In November 2014, an LLC purchased the home and 2.5 surrounding acres for $125,000. One of the group’s principles had previously renovated historic properties in downtown Fredericksburg and stated he intended to rehabilitate the farmhouse. But, as he told the Fredericksburg Free Lance-Star, “The termites beat me to it about 10 years ago, and there was nothing left…. We just decided it was too dangerous to bring back to life.”
Local historians and activists were outraged that the structure was demolished with little warning just one month later. An application to raze the home and surrounding nonhistoric farm buildings was approved by the county because, in the absence of a historic district overlay or conservation easement, it had no recourse to protect the privately owned property. The tragic situation helped illustrate the limits of protection offered by various listings, none of which inherently confer legal protection.
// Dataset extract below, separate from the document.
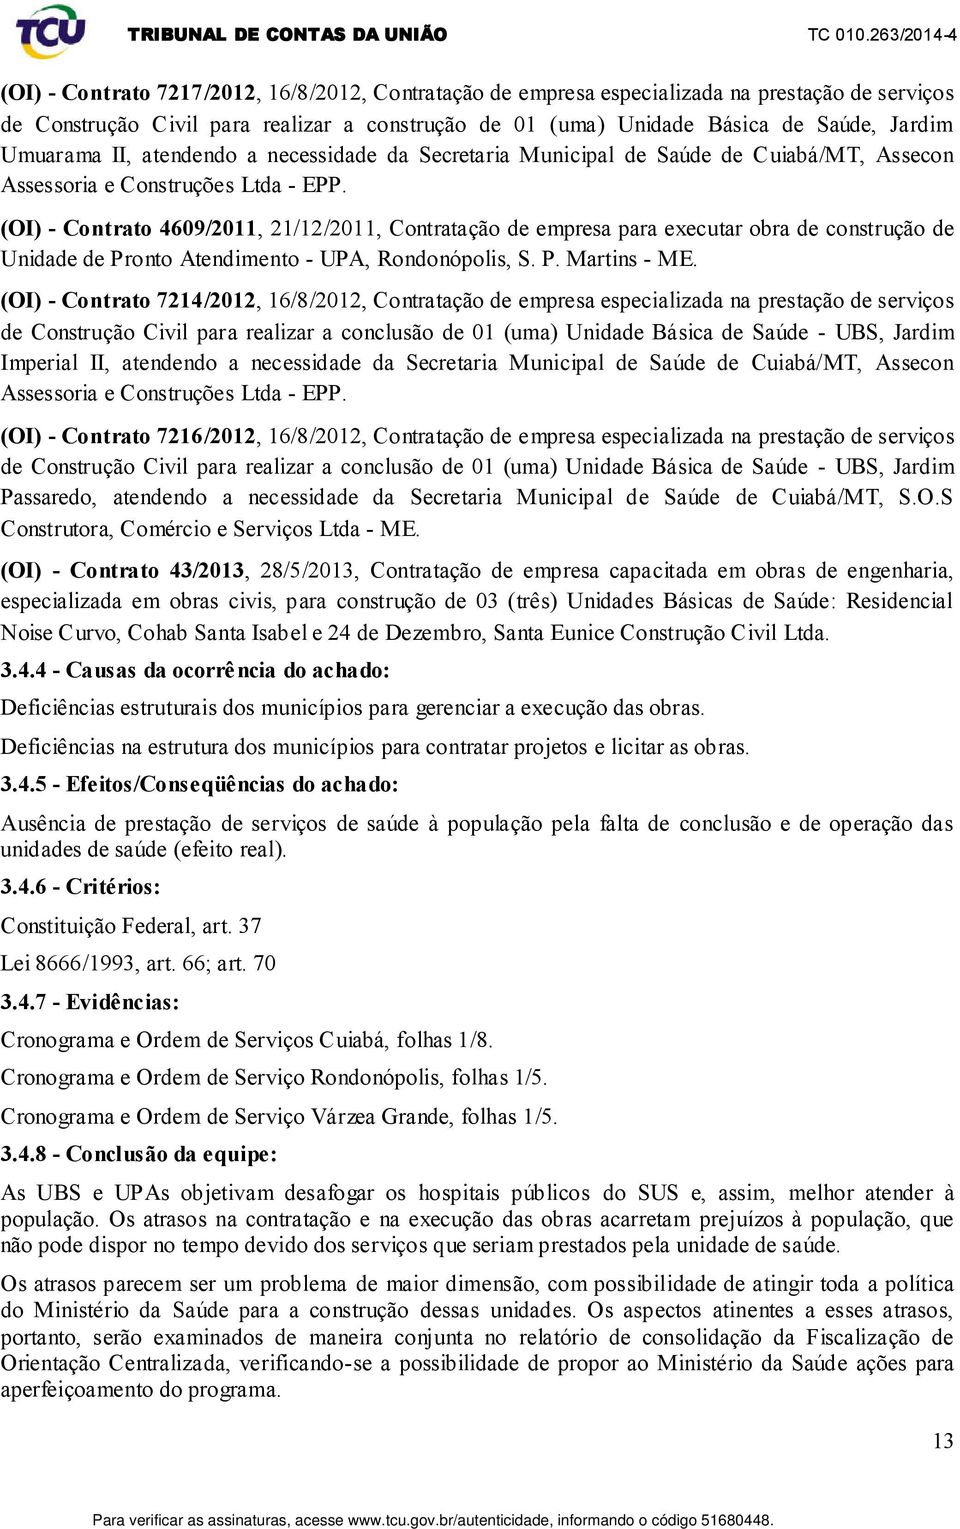 (OI) - Contrato 4609/2011, 21/12/2011, Contratação de empresa para executar obra de construção de Unidade de Pronto Atendimento - UPA, Rondonópolis, S. P. Martins - ME.

More Memorials to the 1st Massachusetts Heavy Artillery
The marker in Spotsylvania County is not the only famous monument to remember the 1st Massachusetts Heavy Artillery. The Melvin Memorial in Sleepy Hollow Cemetery, Concord, Mass., is dedicated to the memory of three brothers who died fighting for the Union in Company K of that regiment: Asa Heald Melvin, killed at Petersburg, June 16, 1864; John Heald Melvin, died in a military hospital at Fort Albany, Va., October 13, 1863; and Samuel Melvin, taken prisoner at Harris Farm and died at Andersonville prison, September 1864. It was commissioned by fourth brother, James C. Melvin, who survived the war, and approached childhood friend and neighbor, the famous sculptor Daniel Chester French, to produce the piece. “Mourning Victory” was dedicated on June 16, 1909, with 88 veterans of the regiment in attendance.